INSTRUCTIONS FOR THE TASK:
Nothing but the lines below from the one containing "NIKE Air Max" through the one containing "The Curtis family" should appear in the answer, exact and without pictures.

[Opening INPUT section]

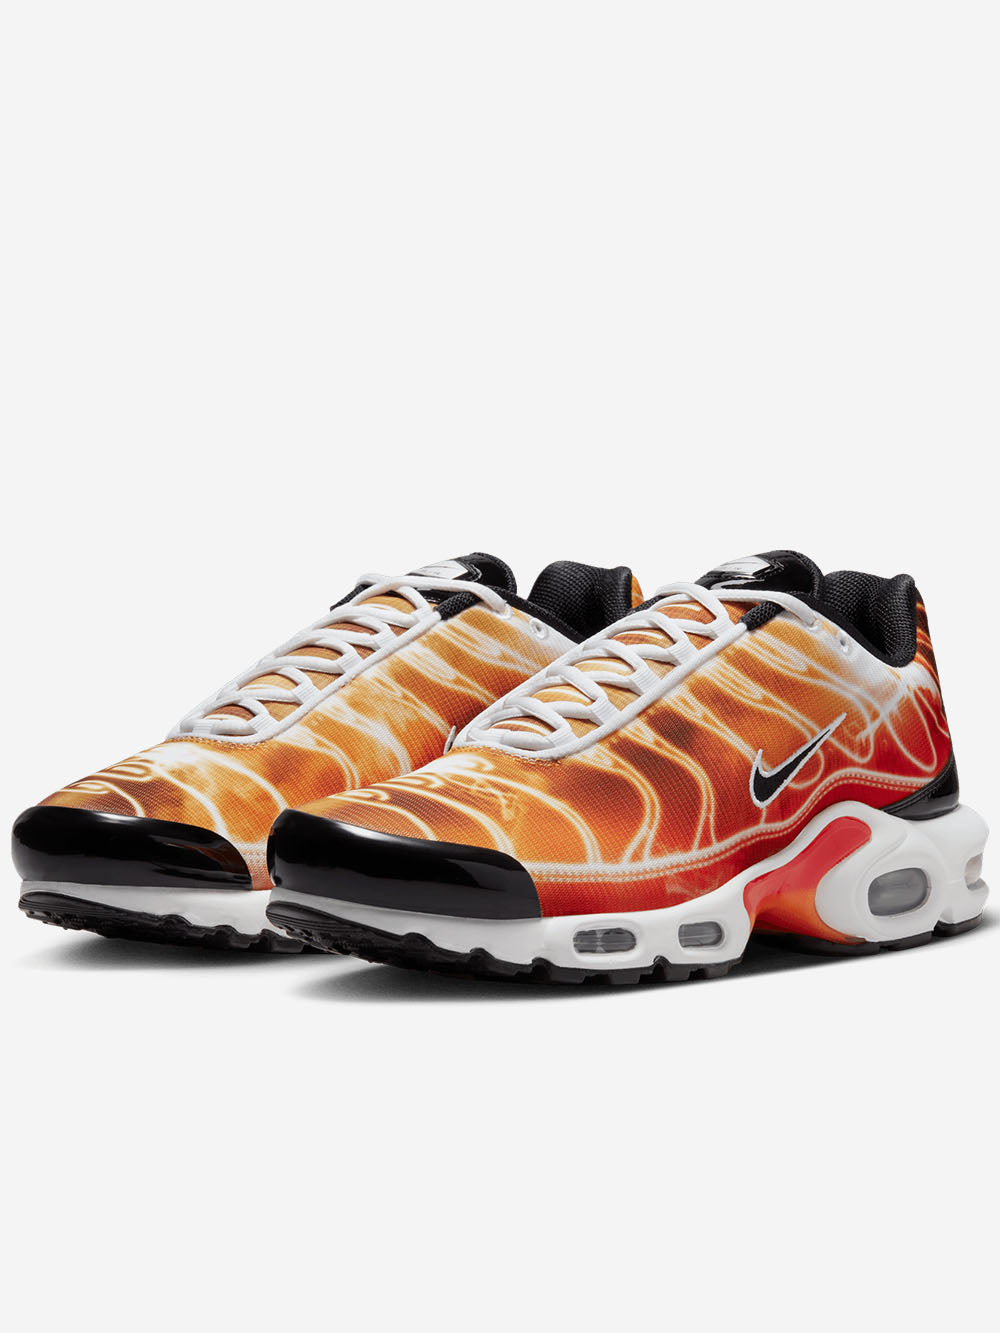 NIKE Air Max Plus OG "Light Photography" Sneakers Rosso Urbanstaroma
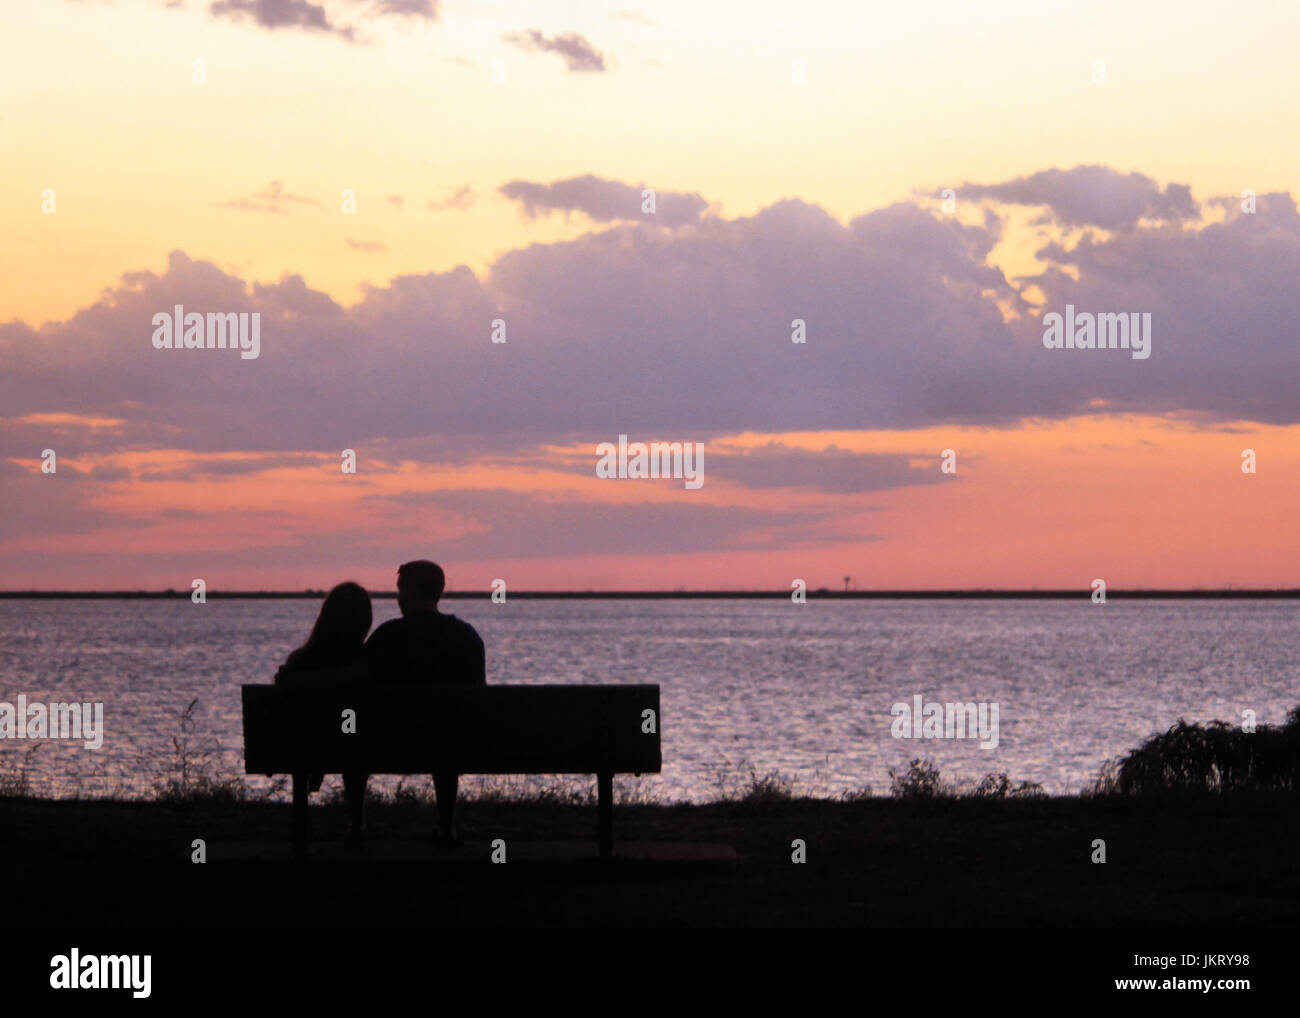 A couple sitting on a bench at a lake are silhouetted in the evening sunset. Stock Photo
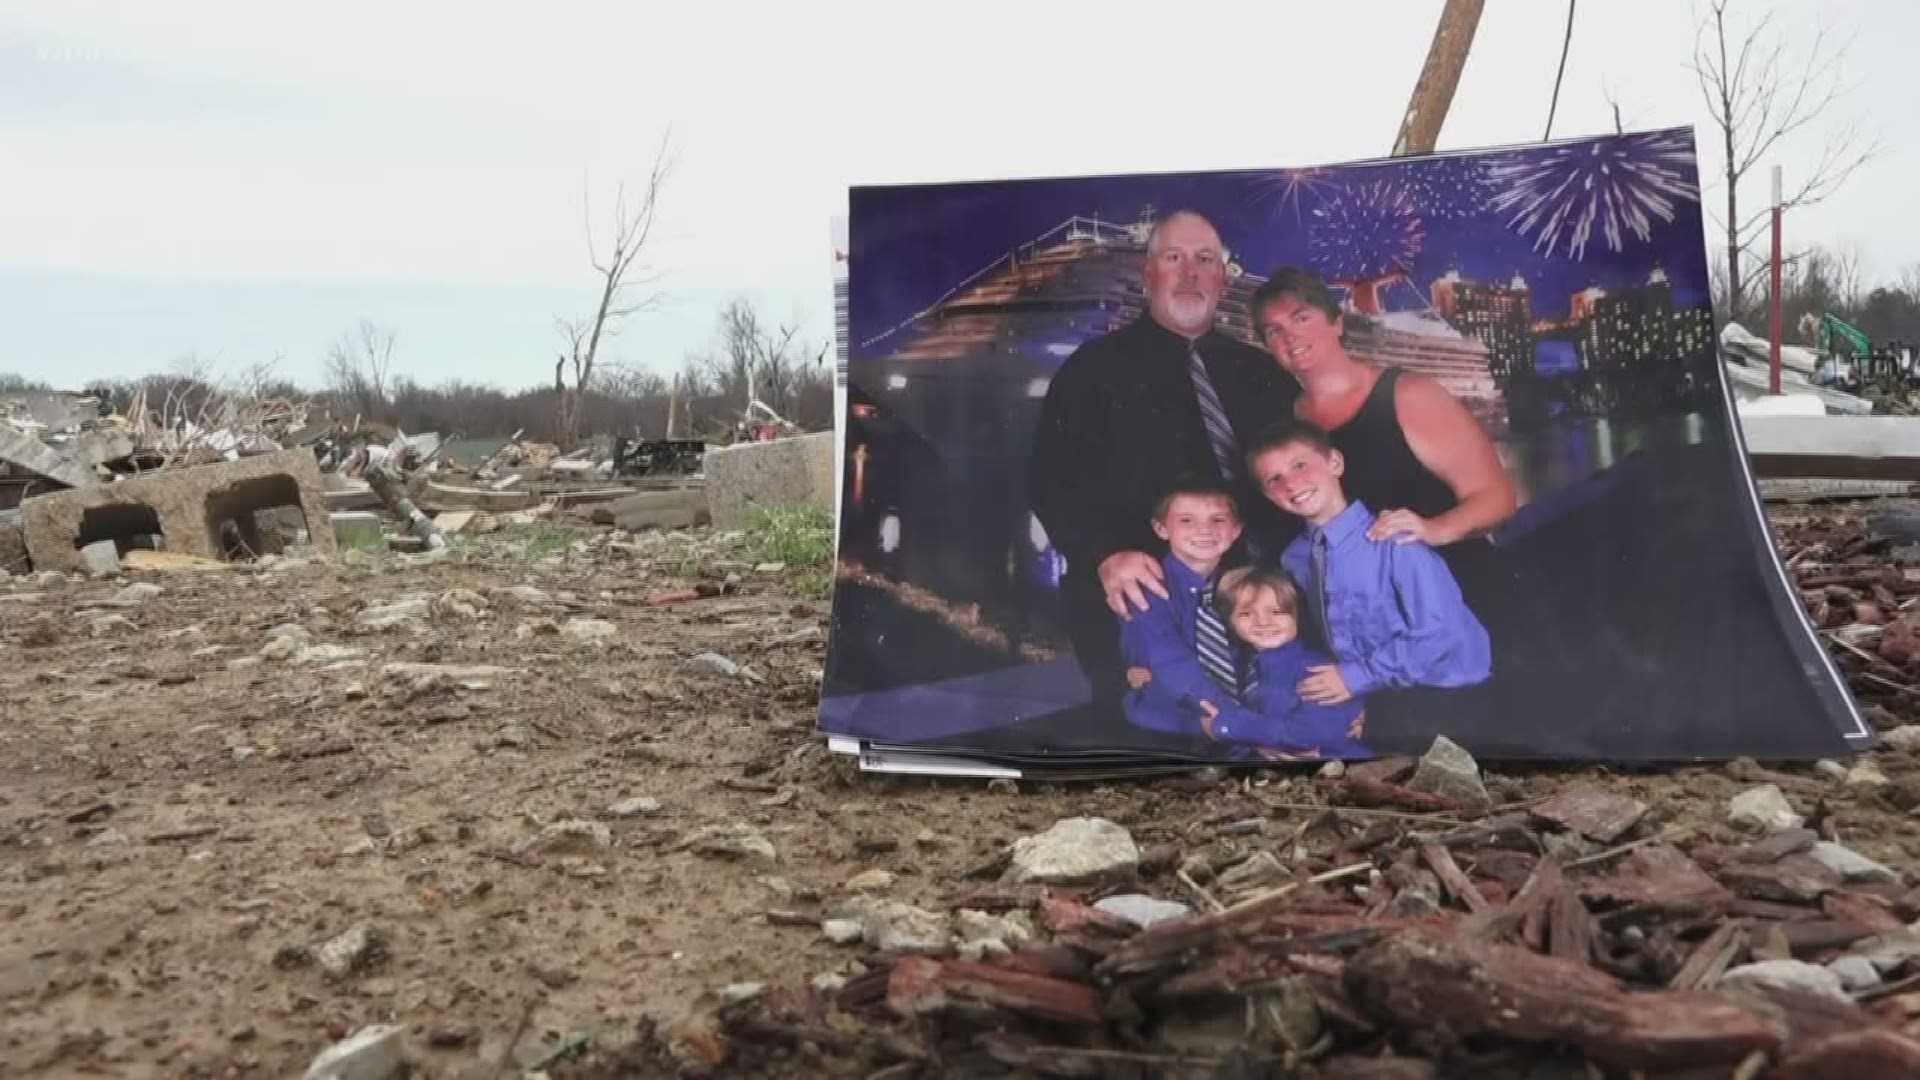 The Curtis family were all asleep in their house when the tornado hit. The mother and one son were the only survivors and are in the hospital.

[Closing INPUT section]
[Opening INPUT section]

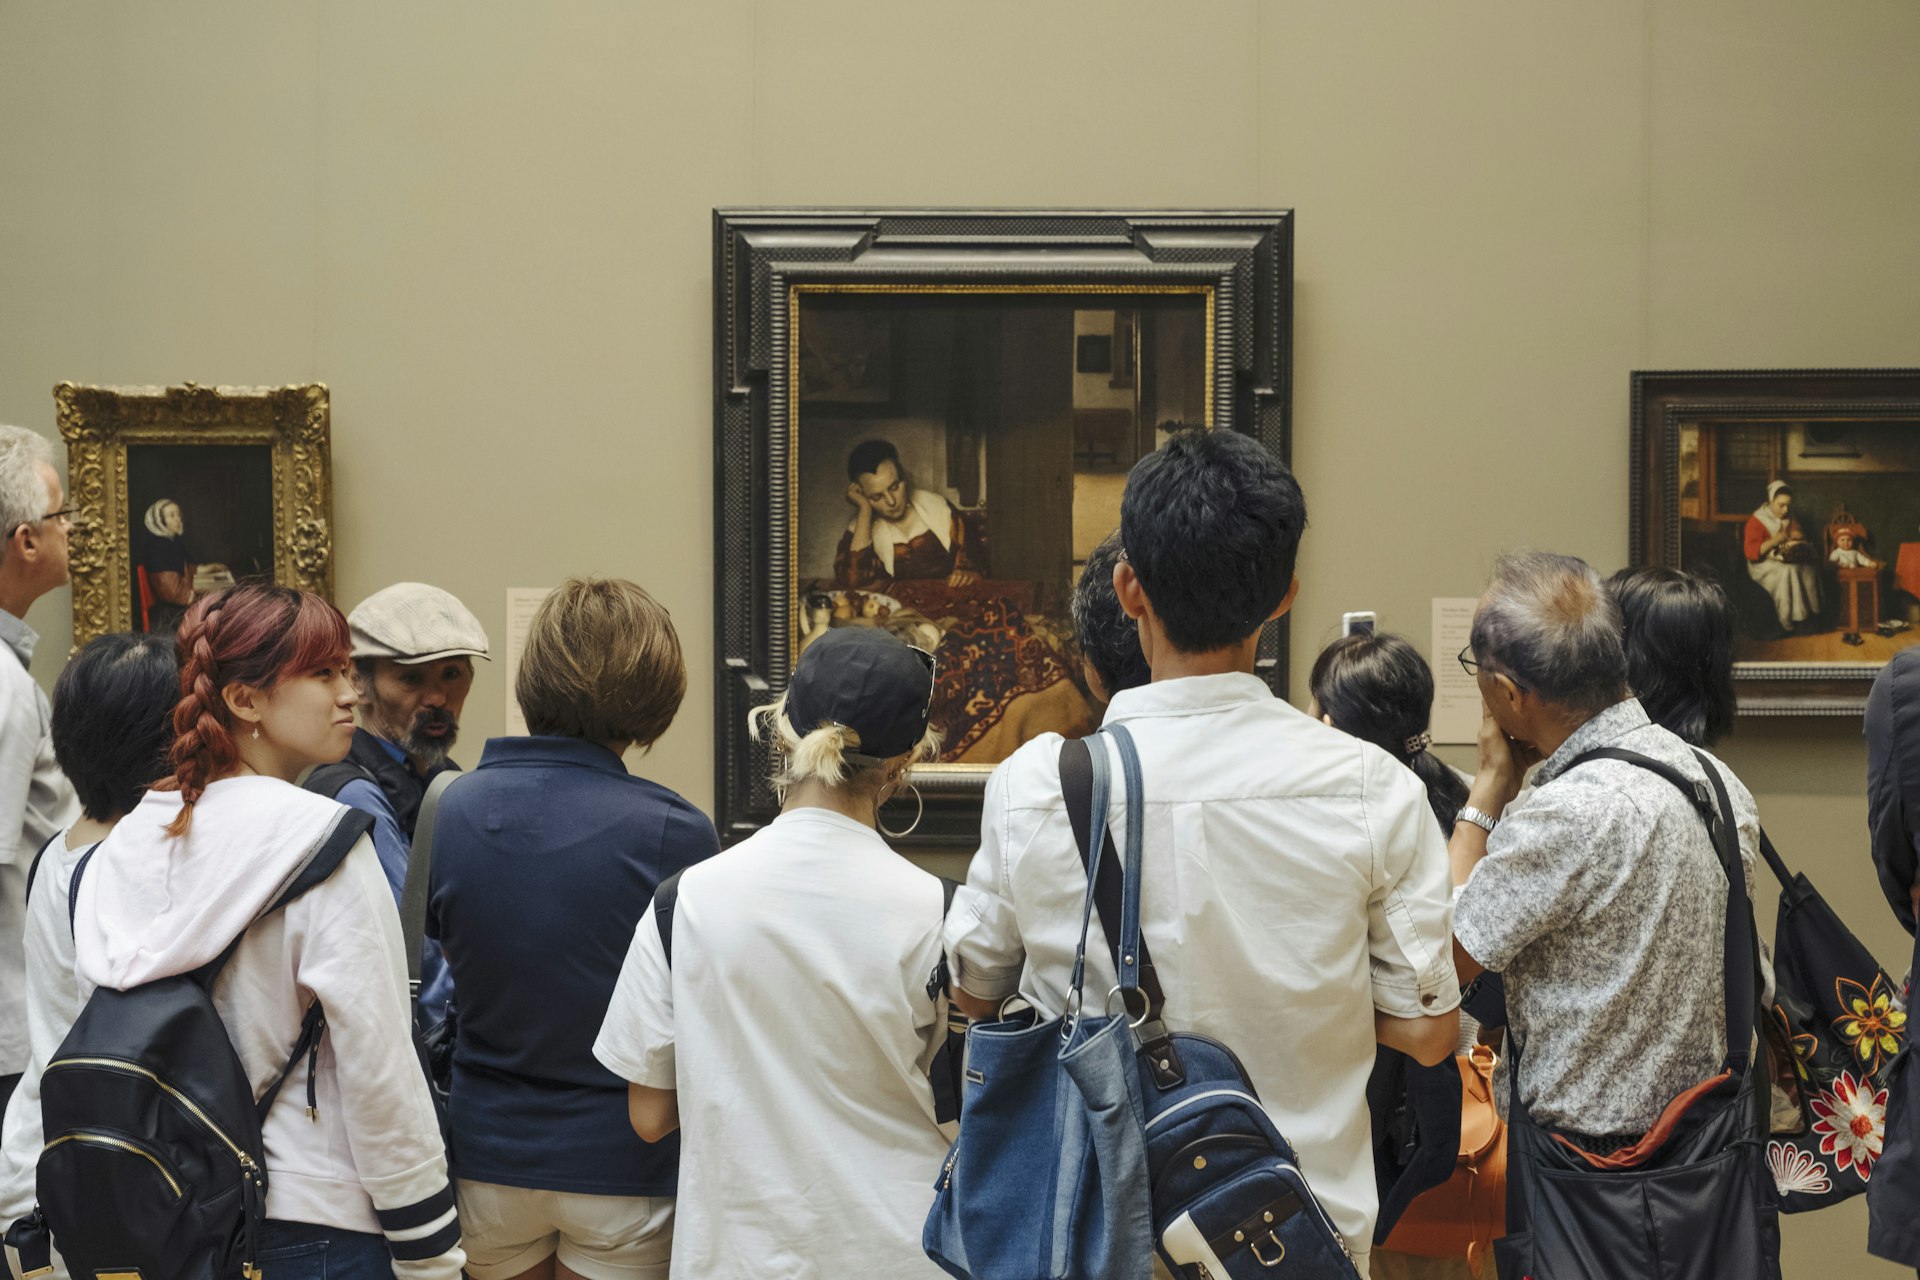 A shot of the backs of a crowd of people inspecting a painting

[Closing INPUT section]
[Opening INPUT section]

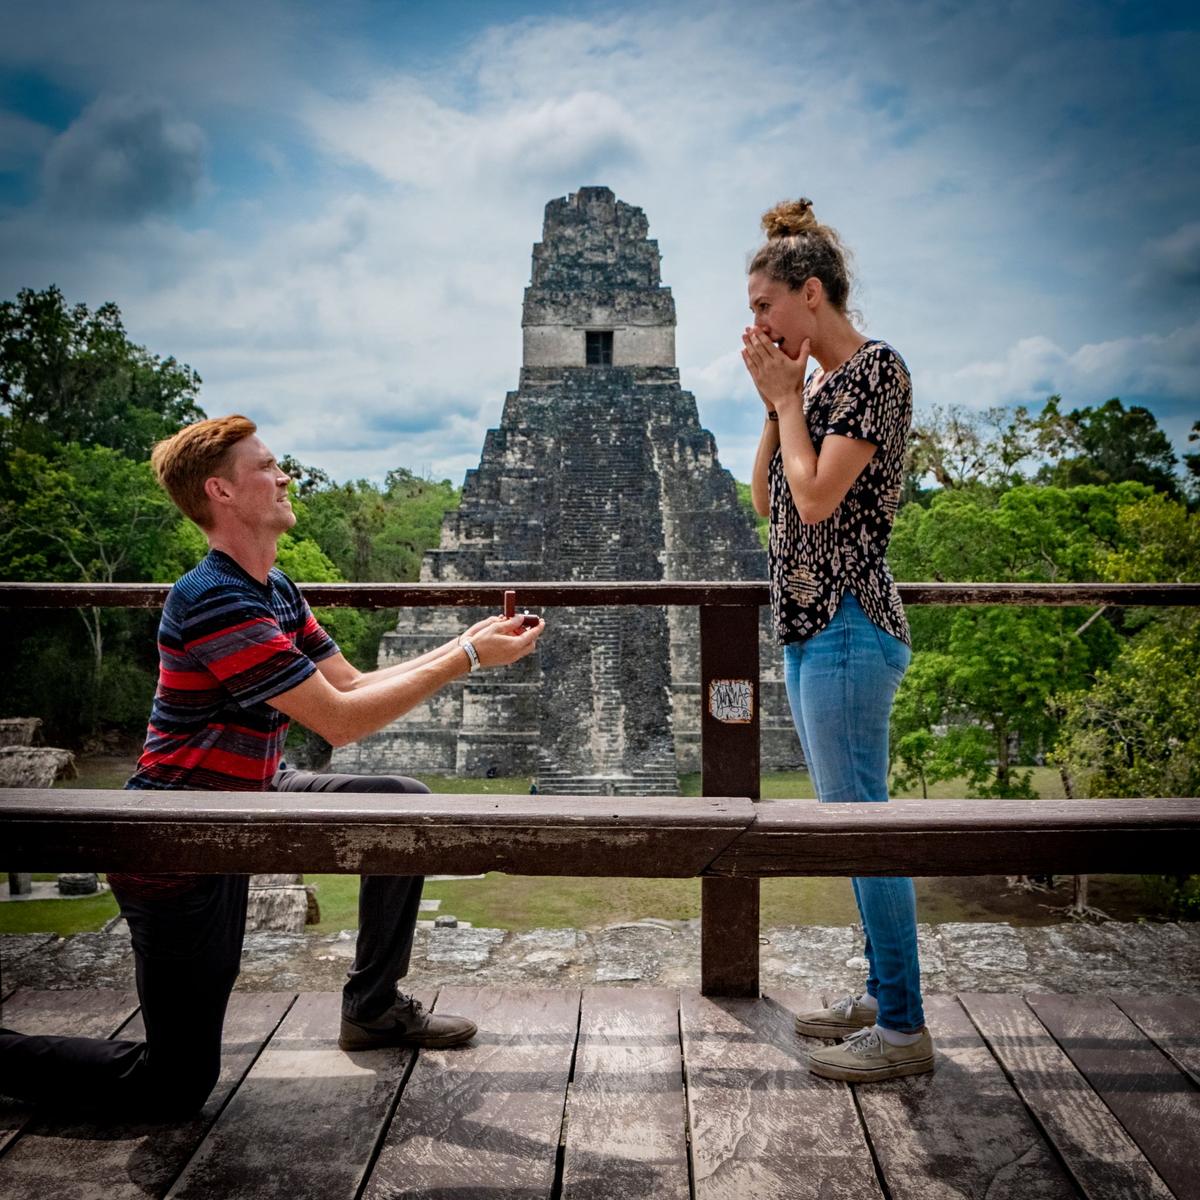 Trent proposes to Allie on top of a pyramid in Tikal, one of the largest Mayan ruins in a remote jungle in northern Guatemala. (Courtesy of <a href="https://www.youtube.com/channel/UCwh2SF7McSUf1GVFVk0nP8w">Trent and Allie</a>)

[Closing INPUT section]

REPLY:
 NIKE Air Max Plus OG "Light Photography" Sneakers Rosso Urbanstaroma
 A couple sitting on a bench at a lake are silhouetted in the evening sunset. Stock Photo
 The Curtis family were all asleep in their house when the tornado hit. The mother and one son were the only survivors and are in the hospital.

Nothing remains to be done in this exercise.